Cyclicals

Cyclical stocks are stocks whose value is closely tied to the business cycle and to the cycle of the domestic economy. Prices of cyclical move up when the economy is doing well, and back down when it is not doing so well. Cyclical stocks follow what is called a business cycle, which can last for years. Many businesses and industries experience cyclical movement in their sales, growth, and profitability through the years. As the national economy prospers, these industries tend to do very well. But when the economy takes a dive, cyclicals very often dive with it.

An Example of Cyclical Stocks

Auto companies are strong examples of cyclical companies. When the U.S. economy is booming, the domestic auto manufacturers have historically tended to do well. Their sales are high and they do not have to discount their products in order to move them. Their preferred stocks tend to pay out dividends in these time periods, and their shareholders are generally happy because the stock values tend to rise during these time periods, buoyed by consistent strong sales and earnings reports. In fact, auto stocks invariably respond to these reports every quarter, for better or worse. Their connection to the performance of the companies is very intimate and immediate, as shown by the average annual return on such products.

Successful Cyclical Investing

Given the fact that the national economy is cyclical in nature and has been shown again to follow a relatively predictable pattern of boom years followed by periods of slowdowns and recessions, it is therefore incumbent upon investors to use caution when investing in cyclical stocks. To do this kind of investing successfully, good timing is essential. Astute investors will scoop up cyclicals at the low point of the cycle or as close to it as possible, and then hold them until they recover and reach a high later on down the road.

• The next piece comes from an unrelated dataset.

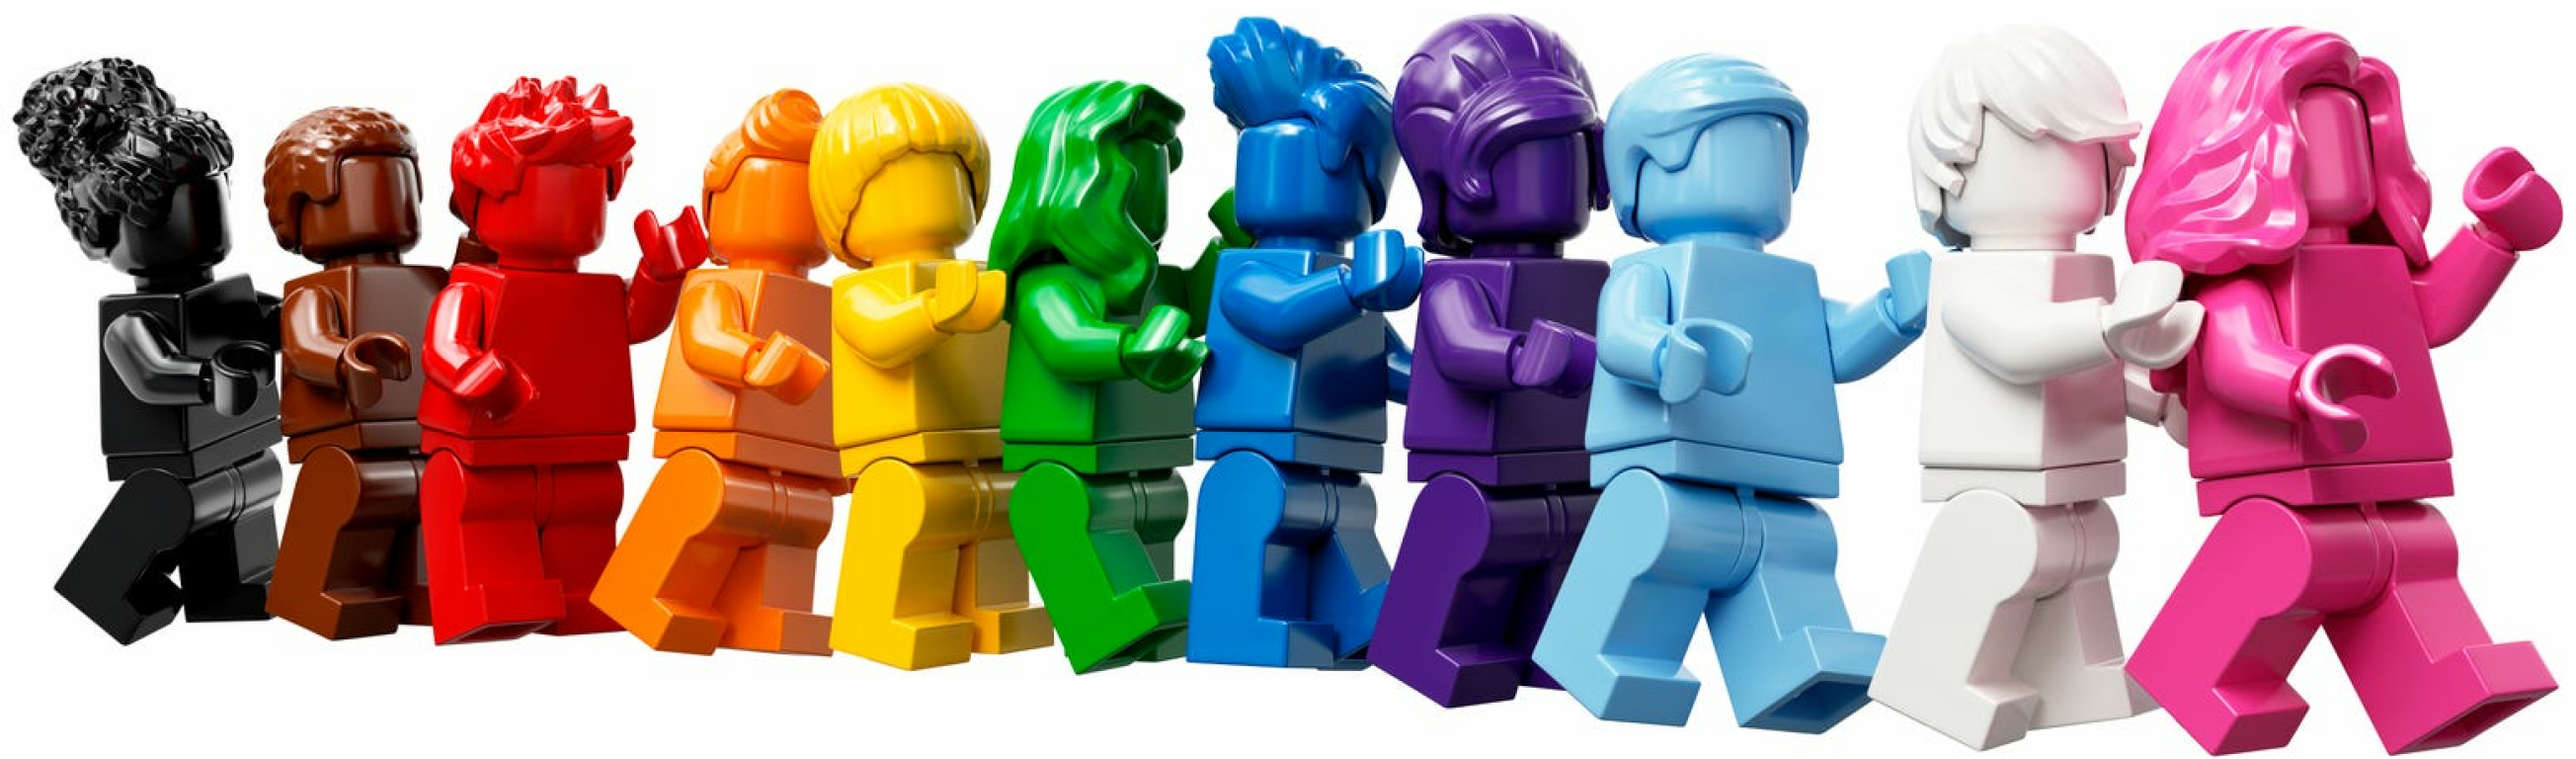 Everyone Is Awesome minifigures

If you buy these stocks just before an upturn, it is possible to make a lot of money. The problem is predicting the lows and highs. It is not always easy to pronounce that a stock has hit bottom. Investors can lose a lot of capital if they buy at the wrong point in the cycle, or they can be forced to wait longer to move these stocks, which in the meantime freeze cash that could be used to earn money elsewhere.

Cyclicals vs. Growth Stocks

It goes without saying that almost all companies do better when the economy is humming. But well built and well managed companies with an understanding of how to cope even in a down market will be able to withstand downturns much more successfully than others. The best growth companies, the ones that outperform the market and their industry year after year, are the ones that continue growing even when the economy and their industry as a whole are shrinking. Good growth companies are adaptive and can quickly react and adjust their approach to deal with changing economic conditions.

Cyclicals, on the other hand, are not positioned to be so responsive, and they are slower to adapt to changes in the marketplace. Their performance can be seen as a barometer of how the country is doing, because they only perform well when investors and consumers have pockets full of money to spend. But in a booming economy, these companies and their stocks can often outperform growth stocks by a wide margin. Their swings from losses to gains are often spectacular in nature. Buying cyclical stocks is only advised if investors are willing to lose the principal investment in exchange for the prospect of seeing that kind of spectacular gain.